The development of a general principle of liability for breach of Union Law is also in the Francovich case law of the ECJ. In this 1991 decision, the ECJ acknowledged liability of the Member States towards individuals for violation of Union law as being inherent in the system of the Treaty and being necessary for the effectiveness of Community of law. On the basis of the general principles to which Article 288 refers, the ECJ developed three requirements for liability:
1. The rule of law infringed must be intended to confer rights on individuals
2. The breach must be sufficiently serious
3. There must be a direct causal link between the breach of the obligation resting on the State and the damage sustained by the injured parties.

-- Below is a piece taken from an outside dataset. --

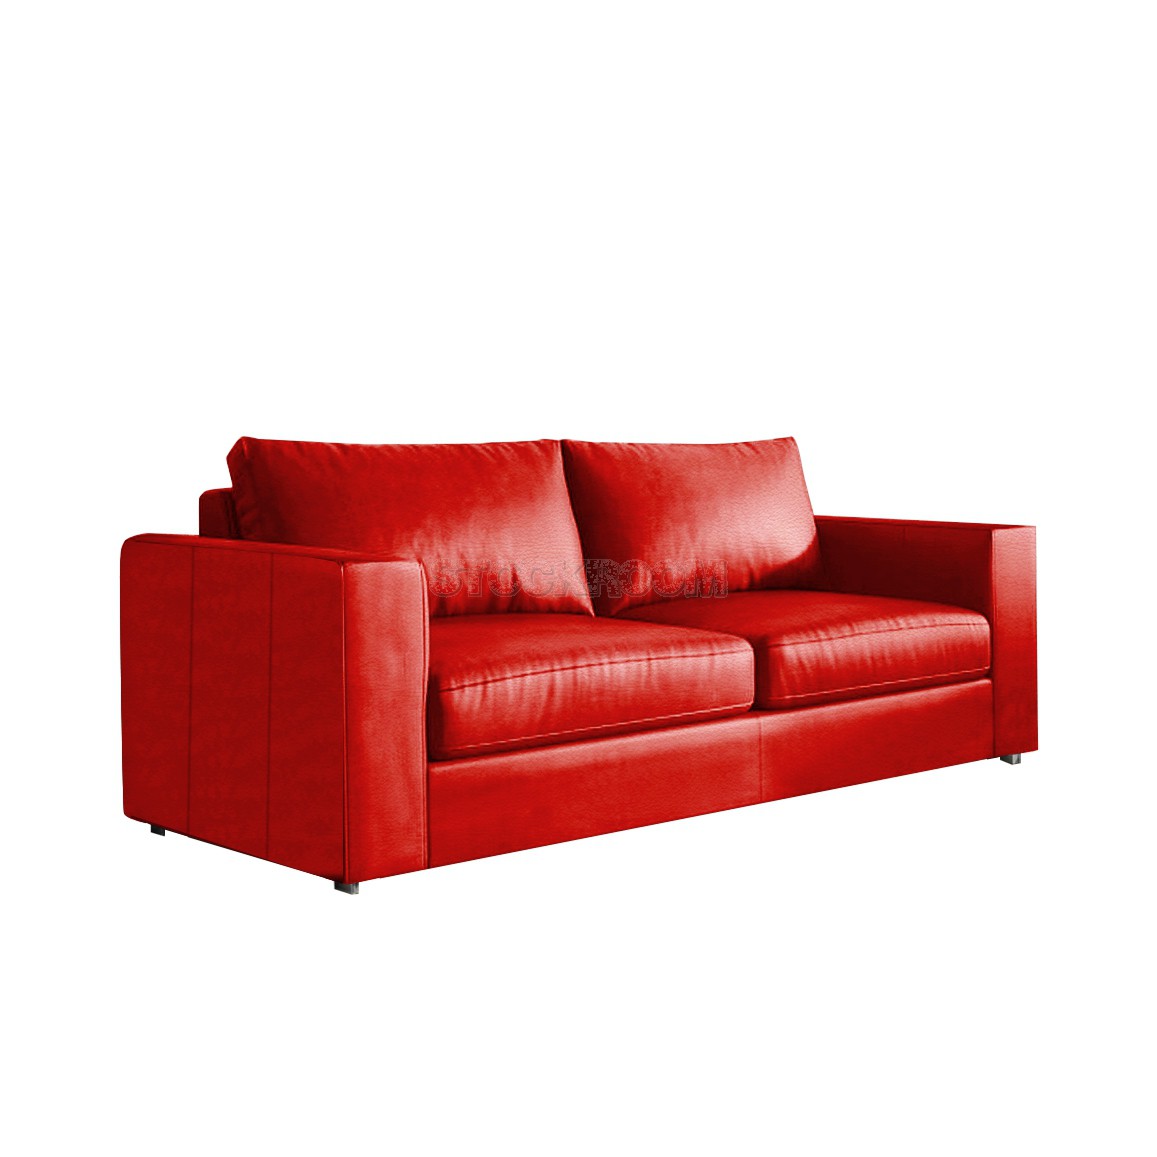 Kagan Leather Feather Down Sofa - 2 seater

The fulfilment of these requirements is sufficient for a right to compensation, which is directly based in Union Law.

==European tort law in action==
There is a group of scholars, known as The European Group on Tort Law which was established in 1992. The group meets regularly to discuss fundamental issues of tort law liability as well as recent developments and the future directions of the law of tort. The Group has founded the European Centre of Tort and Insurance Law in Vienna.

The Group has drafted a collection of Principles of European Tort Law similar to the Principles of European Contract Law drafted by the European Contract Law Commission.

The Principles of European Tort Law are a compilation of guidelines by the European Group on Tort Law aiming at the harmonization of European tort law. They are not intended to serve as a model code, even though their wording may resemble statutory texts. At least with respect to form and structure, they resemble a U.S. Restatement of the Law.

The Principles of European Tort Law are intended to serve as a common framework for the further development of national tort laws and also of singular European legislation, which could avoid a further drifting-apart of piecemeal rule-making both on a national and on the European level.

===Principles===
1. Basic Norm
2. General Conditions of Liability
  - Damage
  - Causation
3. Bases of Liability
  - Liability based on fault
  - Strict Liability
  - Liability for others
4. Defences
  - Defences in general
  - Contributory conduct or activity
5. Multiple Tortfeasors
6. Remedies
  - Damages

==Future==
Despite these efforts, there is still the preliminary question of whether harmonisation of tort law is feasible and desirable. There is argument to suggest that harmonisation is not as self-evident as it seems to be at first. Harmonization of tort law does not need only a formal legal basis but also a substantial justification. The need for harmonisation may be self-evident because the idea was that differences between the Member States were an obstacle to the achievement of an internal market. According to the ECJ, a measure of harmonisation must actually contribute to improving the establishment and functioning of the internal market. A harmonising measure therefore has to delineate the distortions that flow from the differences between national laws. Also, it would have to outline how the measures aim to prevent distortions. In any case, the advantages of these measures need to be balanced with the costs involved.

There are two observations which may further question the desirability and feasibility of the harmonisation of tort law. Firstly, the harmonisation of tort law is hard to achieve without taking into account other compensation systems, such as private insurance and social security systems. These systems are strongly interconnected and it is undesirable to harmonise one without the others.

Secondly, harmonisation of tort law would also need harmonisation of administrative and criminal law. Most legal systems acknowledge the possibility to be liable for damage caused by the violation of a statutory duty. Hence, if there were to be harmonisation of the rules for breach of statutory duty, one should also harmonise the statutory rules that can be invoked as a basis for this tort.

What is certain is that, an agenda for further debate must be pursued. Perhaps the focus should not be on Europe united by European rules, but rather on a Europe united in diversity with harmonised rules where needed and diversity where possible.